In 931, hearing that Wang Yanjun was ill, Wang Yanbing launched an army and attacked Fu with Wang Jixiong, leaving his second son Wang Jisheng (王繼昇) in charge at Jian. Wang Yanbing attacked Fu from the west side while Wang Jixiong attacked Fu from the east side. A nephew of Wang Yanjun's and Wang Yanbing's, Wang Renda (王仁達), pretended to surrender to Wang Jixiong, and when Wang Jixiong was not paying attention, killed him and hanged his head high. When Wang Yanbing saw his son's head, he broke into tears, and his army collapsed. Wang Renda then attacked and captured him, presenting him to Wang Yanjun. Wang Yanjun stated to him, "Indeed, I have troubled you, older brother, into coming down again." Wang Yanbing could not respond, and Wang Yanjun then put him under arrest and sent emissaries to Jian, trying to persuade Wang Yanbing's associates there to peacefully submit. Wang Yanbing's associates, however, killed Wang Yanjun's emissaries, and then escorted Wang Jisheng and a younger son of Wang Yanbing's, Wang Jilun (王繼倫), to flee to Min's northern neighbor Wuyue. Wang Yanjun subsequently publicly executed Wang Yanbing and changed his name back to Zhou Yanchen, effectively disowning him as a family member.

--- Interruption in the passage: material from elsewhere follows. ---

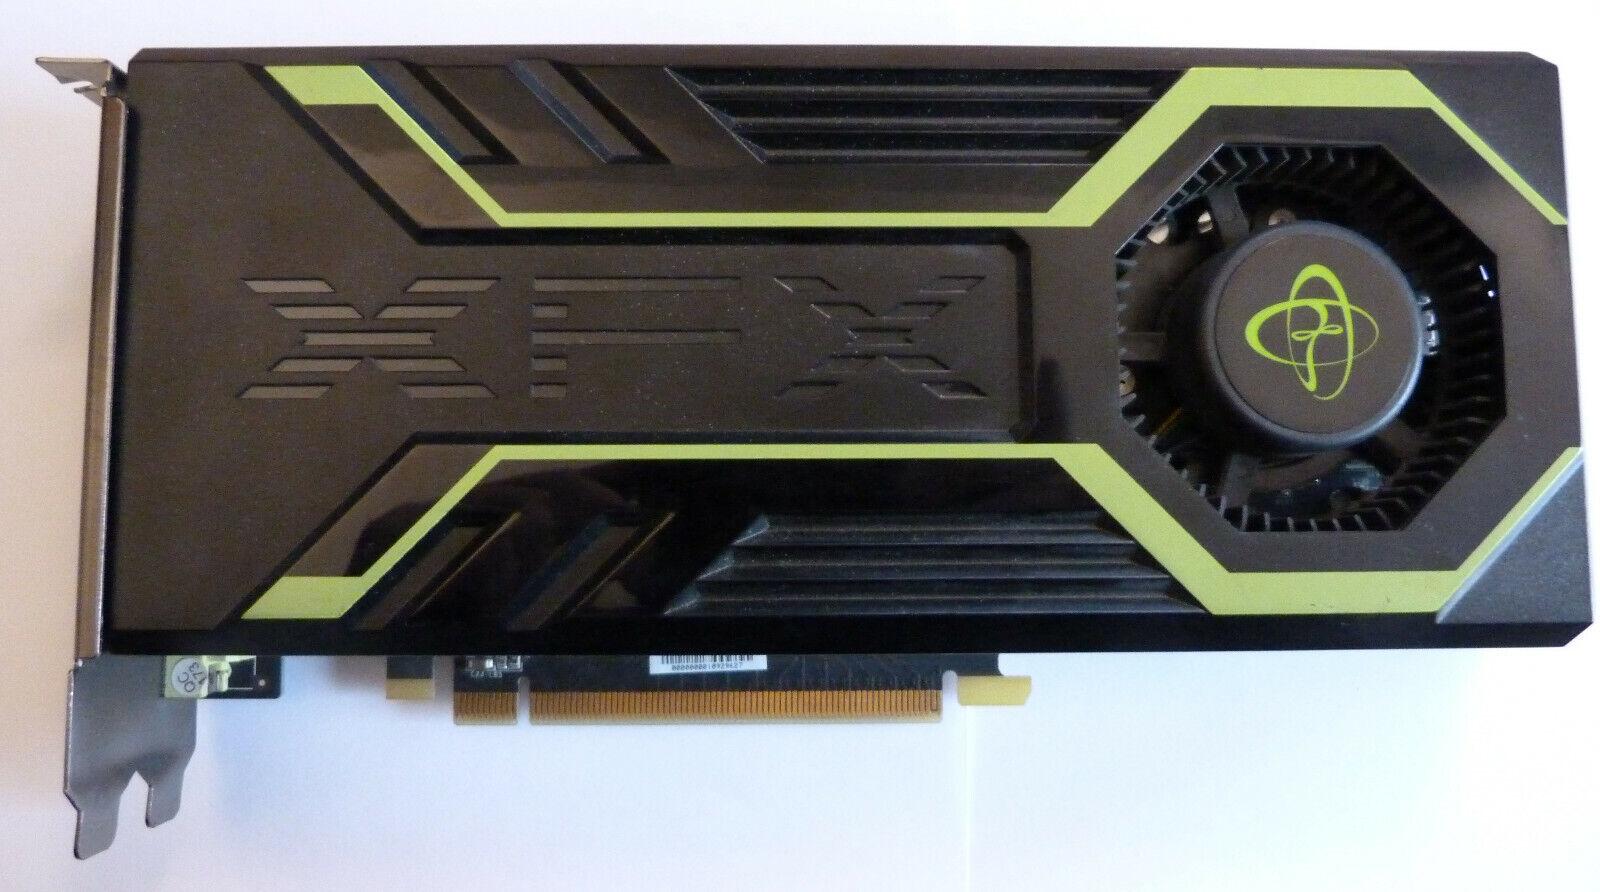 XFX GeForce GTS 250 1GB DDR3 PCI-E Grafikkarte

== Posthumous recognition ==
However, two years later, in 933, Wang Yanjun built a temple dedicated to Wang Yanbing (and, presumably, restored his name and status as a family member), for reasons lost to history. He also posthumously created Wang Yanbing the Prince of Lingzhao. In 943, by which time Wang Yanbing's successor at Jian, Wang Yanzheng (another biological son of Wang Shenzhi's), then in rivalry with then-Min emperor Wang Yanxi, declared himself emperor of a new state of Yin, he further posthumously honored Wang Yanbing Prince Weisu of Wuping.

== Notes and references ==

- Spring and Autumn Annals of the Ten Kingdoms, vol. 98.
- Zizhi Tongjian, vols. 275, 276, 277.